> WHAT TO DO
Quote the listing in full, exactly as given, minus any pictures.

> RECORDED INFORMATION
══════════════════════════════

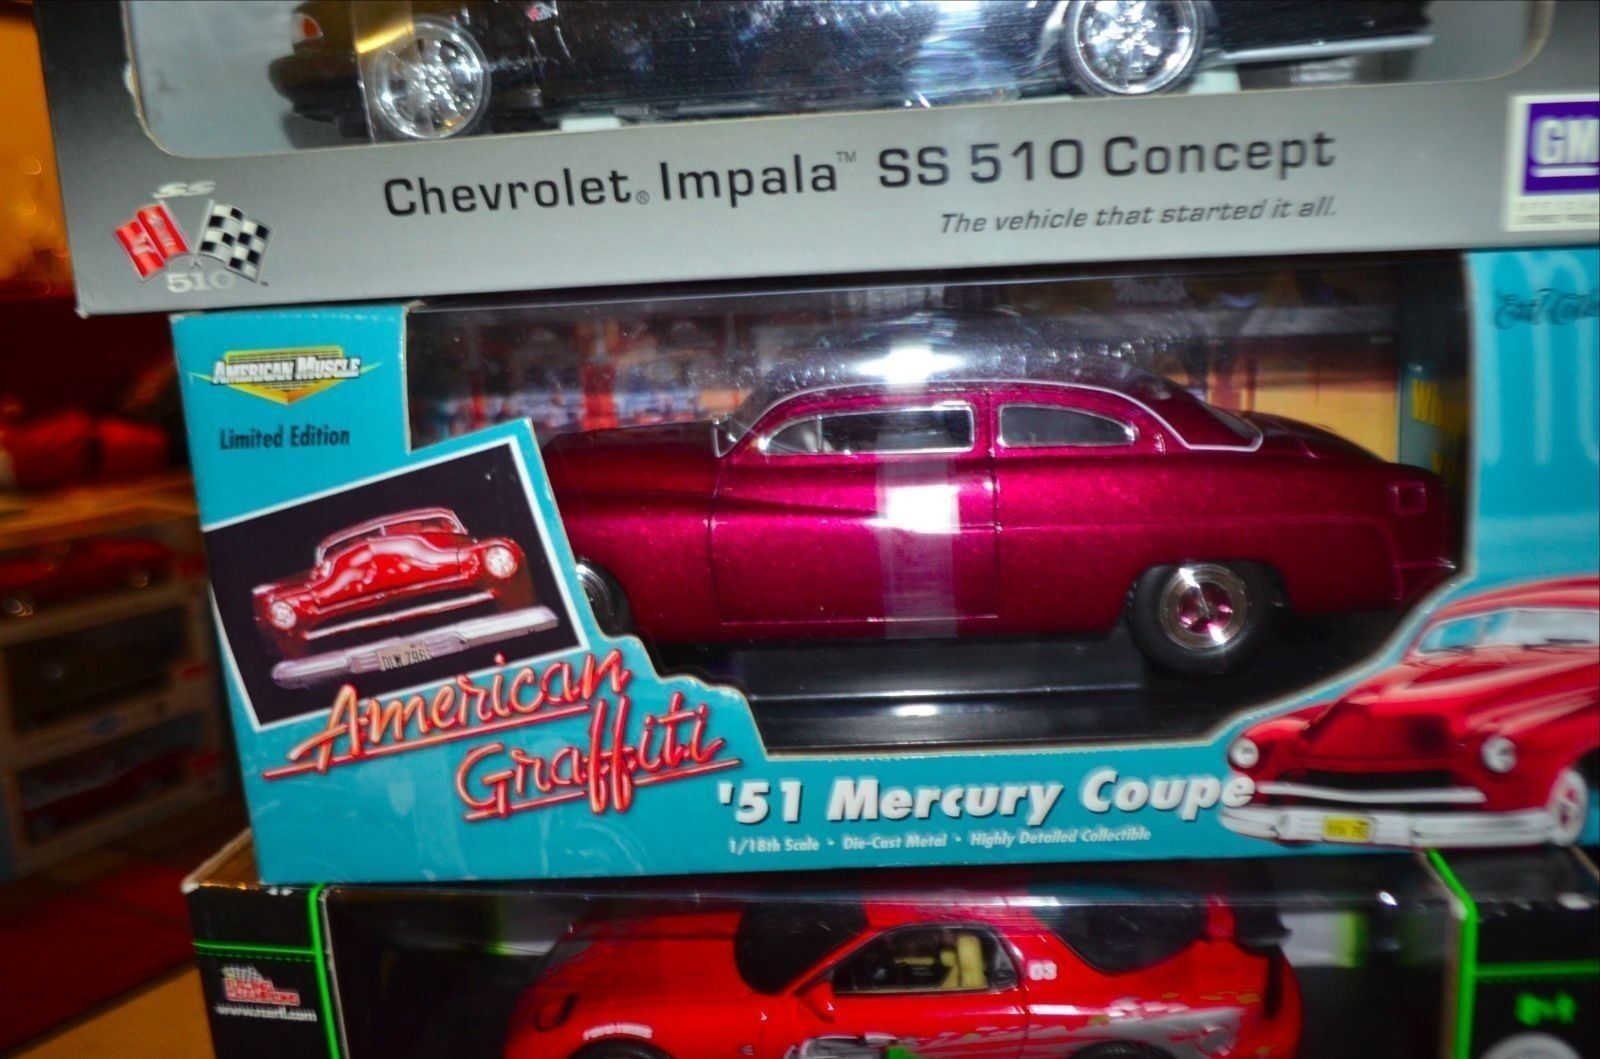 1 18 Ertl American Graffiti 1951 Mercury Coupe Limited Edition - Die Rare
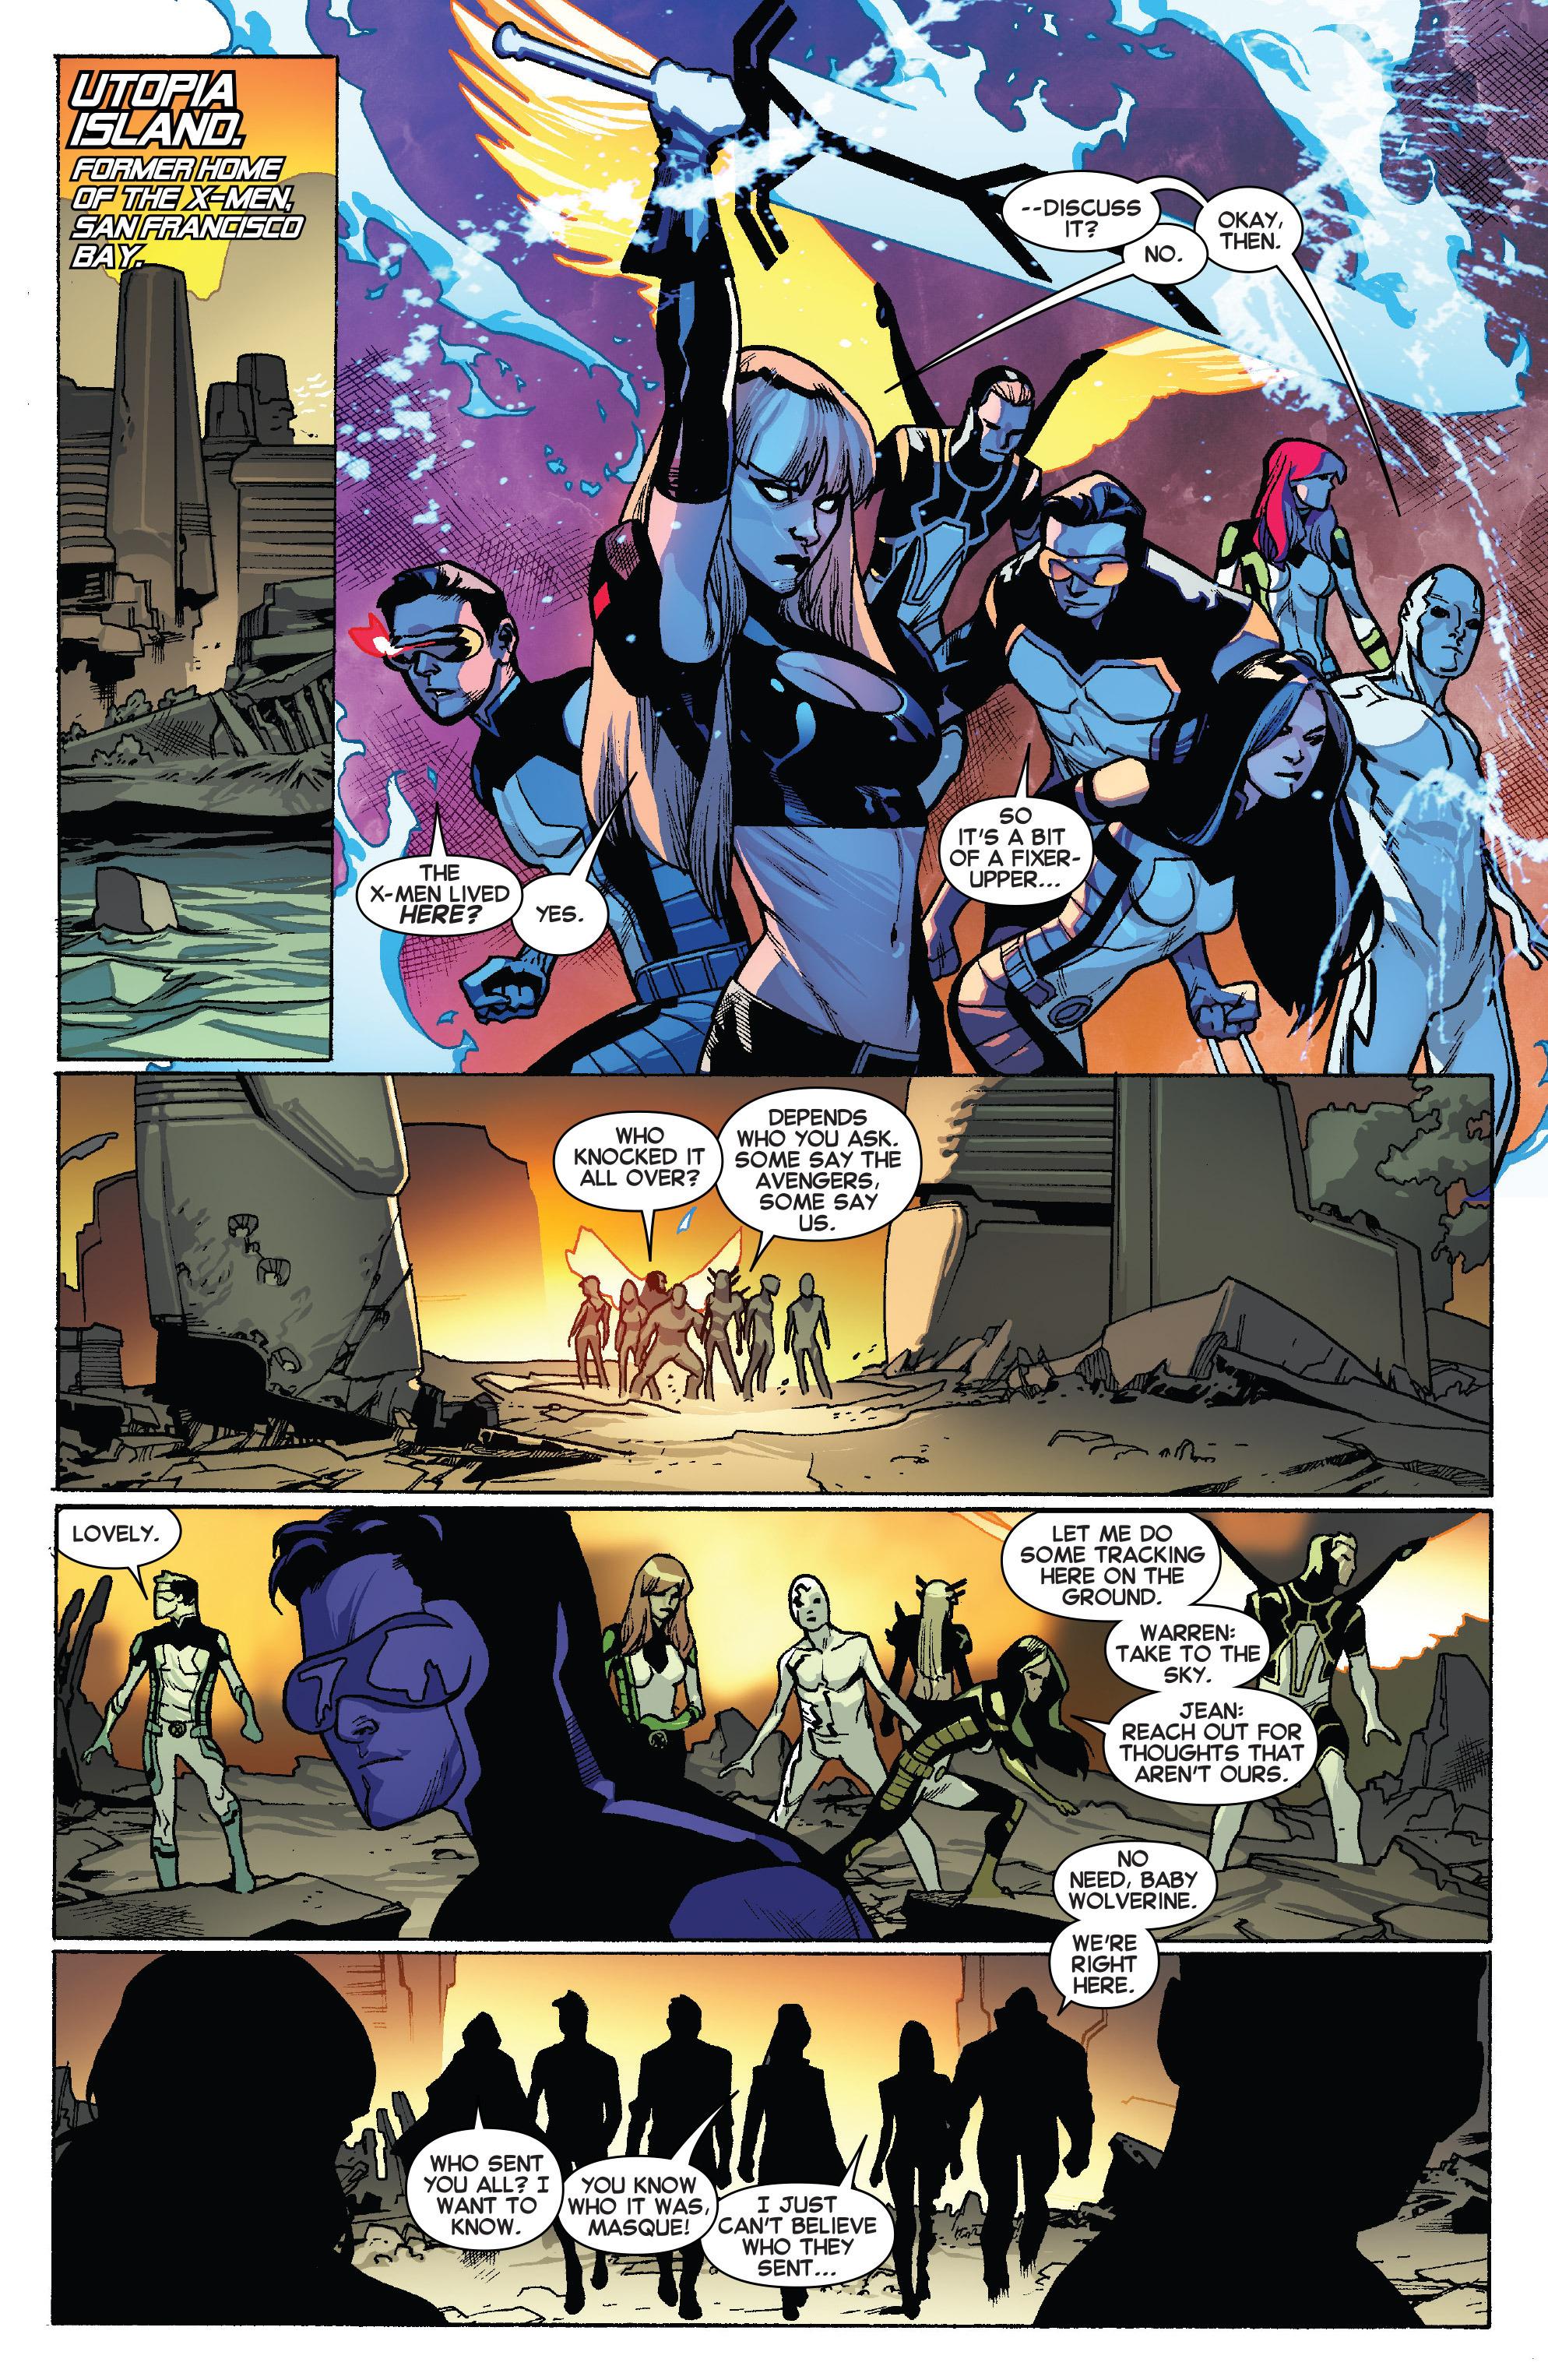 All-New X-Men (2013) chap 41 pic 8
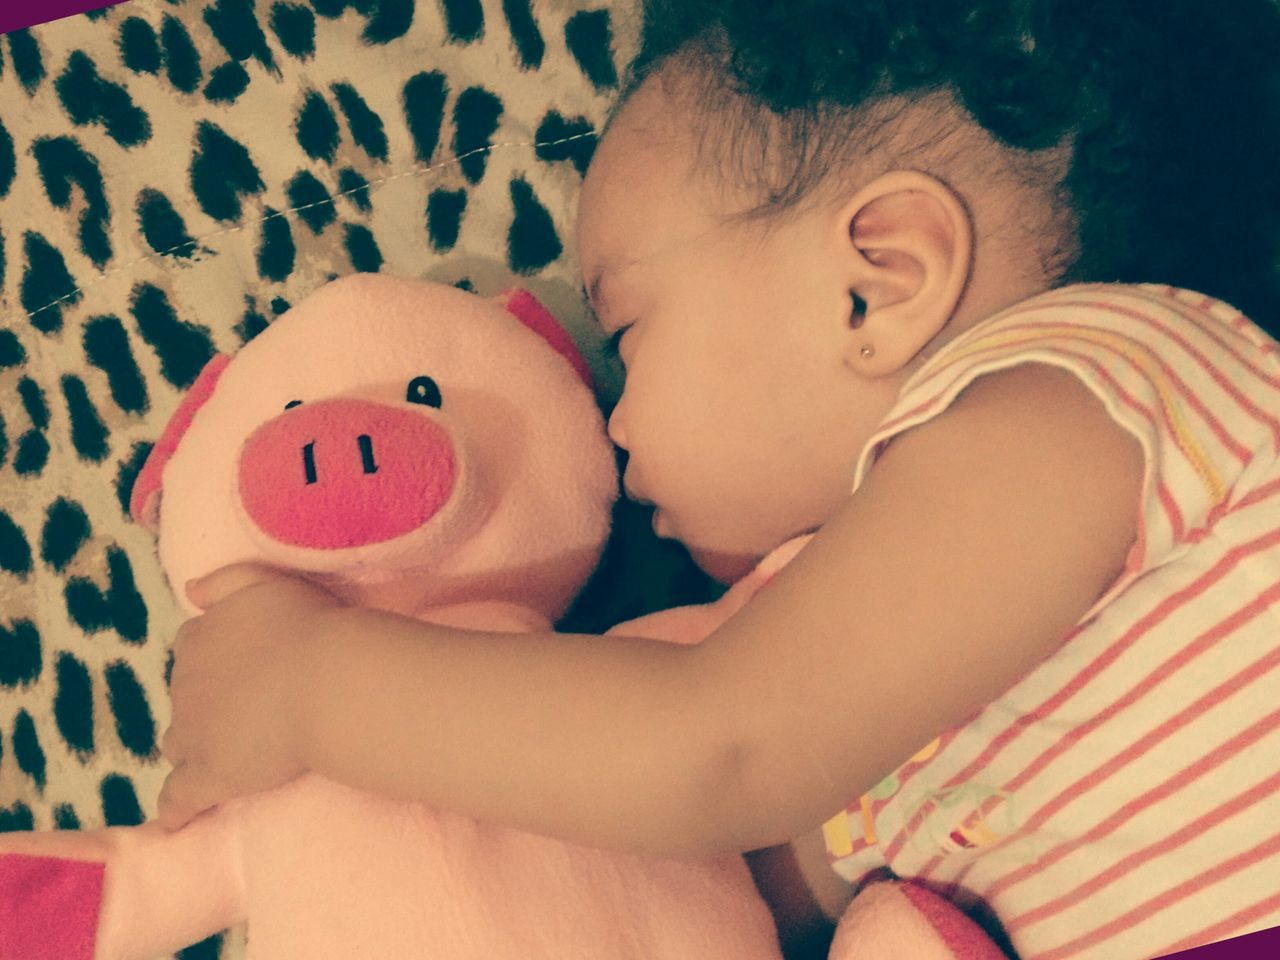 Linda bebedormindo descansodamamae bebe muitolinda mamaeama Amordemãe Amomuitotudoisso Riodejaneiro Soninho #love soninho Soninhoooo😇😘😍

══════════════════════════════

> RESPONSE FOR THIS EXERCISE
 1 18 Ertl American Graffiti 1951 Mercury Coupe Limited Edition - Die Rare
 All-New X-Men (2013) chap 41 pic 8
 Linda bebedormindo descansodamamae bebe muitolinda mamaeama Amordemãe Amomuitotudoisso Riodejaneiro Soninho #love soninho Soninhoooo😇😘😍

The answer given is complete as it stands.